Incentives are tough

So then, if the problem is so clear, why don’t we just go and fix it?

There’s a lot of reasons here, to the point where exhaustively listing them would take quite a long time.

However, there are a few main things to point out.

The first is that I’m just a single person pointing out what needs to be done, from my point of view. The odds that I’m completely right are close to 0%. I’d like to think that this is also true about the odds that I’m completely wrong, though.

The next one is that it’s not too tough to point out what you think is a problem. Criticism requires a good markdown editor and not much else. It’s much harder to come up with good solutions. People are actively working towards addressing this. ML as this infrastructure component is a very new thing. It takes time and effort for new paradigms, approaches and products to fully take shape, but we are heading there.

Finally, and I think this is the biggest one: it’s hard to get incentives to align to make this happen.

I’ve been thinking about this last one a lot. I’ve been in touch with a lot of VCs to chat about my vision for RAGatouille’s place in the “IR applications” ecosystem, and potentially starting a company to work towards it.

The problem is that in this situation, my own incentives would be drastically different to the ones of my investor. I’d like to build “slowly”, explore ideas, see some fail, see others grow, and keep adding new things. Someone who’s handed me a $500k cheque would like me to find Product-Market fit, and, as soon as I find it, throw everything at it and get to profitability. A very fair ask for their money, but a toxic one for ecosystem development.

(Of course, this doesn’t always happen, and HuggingFace is a great example of this, but it happens more often than not)

Academia also faces a similar incentive wall. As it currently functions, it doesn’t favour the creation of applications, which is what an ecosystem needs. Eric Gilliam’s Answer.AI guest post about the great R&D labs of history illustrates this point superbly well, so if this is of interest, I’d direct you towards it. This is not to say that academic work isn’t good or important (it very much is!), simply that it’s not sufficient.

Joining Answer.AI

And finally, what was originally the main point of writing this, before I realised I’d more to write than I thought: I’ll be joining Jeremy Howard & Team at Answer.AI on the 4th of March.

Truthfully, this came completely by chance. I’ve been a fan of Jeremy Howard’s work for a long time, and fast.ai has long been a big inspiration on how I try to think about code. When Answer.AI was announced back in December, I really enjoyed the stated philosophy, and thought it was a much needed effort amidst the current landscape.

While discussing RAGatouille’s next steps a few weeks ago, Omar offered to introduce me to J. Howard, and I was more than happy to accept!

At the same time, I’d done a lot of thinking about just where I wanted to take things. Obviously, working full-time at a day-job then at a side-project-turned-night-job wasn’t something very sustainable in the long run. Consulting and maintaining OSS on the side was an option, or entertaining the VC discussions to try and build a company was another.

But truthfully, for the reasons in this post and more, neither option felt ideal.

Meeting Jeremy and discussing the possibility of joining Answer.AI felt like the kind of timely coincidence you just have to embrace.

Even if I limit my thinking to “better retrieval” (which is a limit I don’t intend to stick to!), it feels like there’s a million ways forward, a million applications to be tried, and a million ways to make it accessible in ways that hopefully could meaningfully improve people’s experiences.

I feel like the philosophy of Answer.AI is about as close to a perfect match to my own as you’re going to get.

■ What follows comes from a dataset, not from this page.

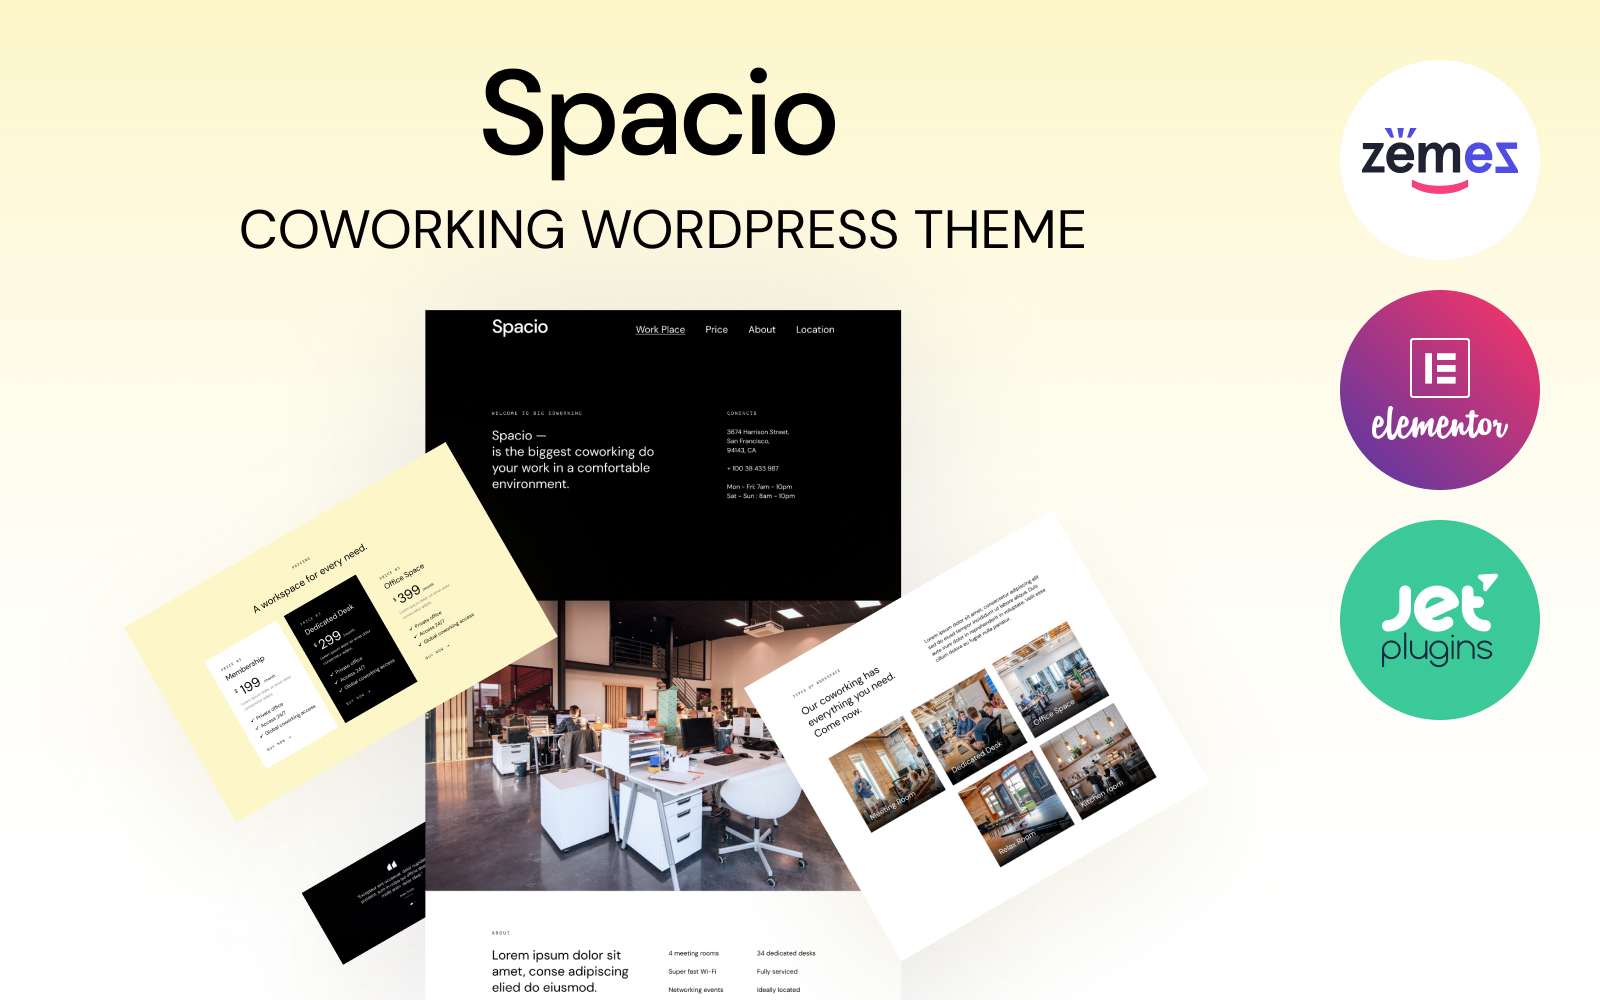 Spacio - Coworking WordPress Theme to Unite Workers

We’re currently at a very unique and exciting point in history for AI work. We don’t know much about what will come next, and even less about what the path forward looks like. What I do know for sure is that we need to tinker and try new approaches in order to get there.

ML is infrastructure now, and it’s infrastructure whose total market size is just about everyone, we just need to figure out how that happens. I think Answer.AI is going to be the perfect place to fail to do this until we succeed.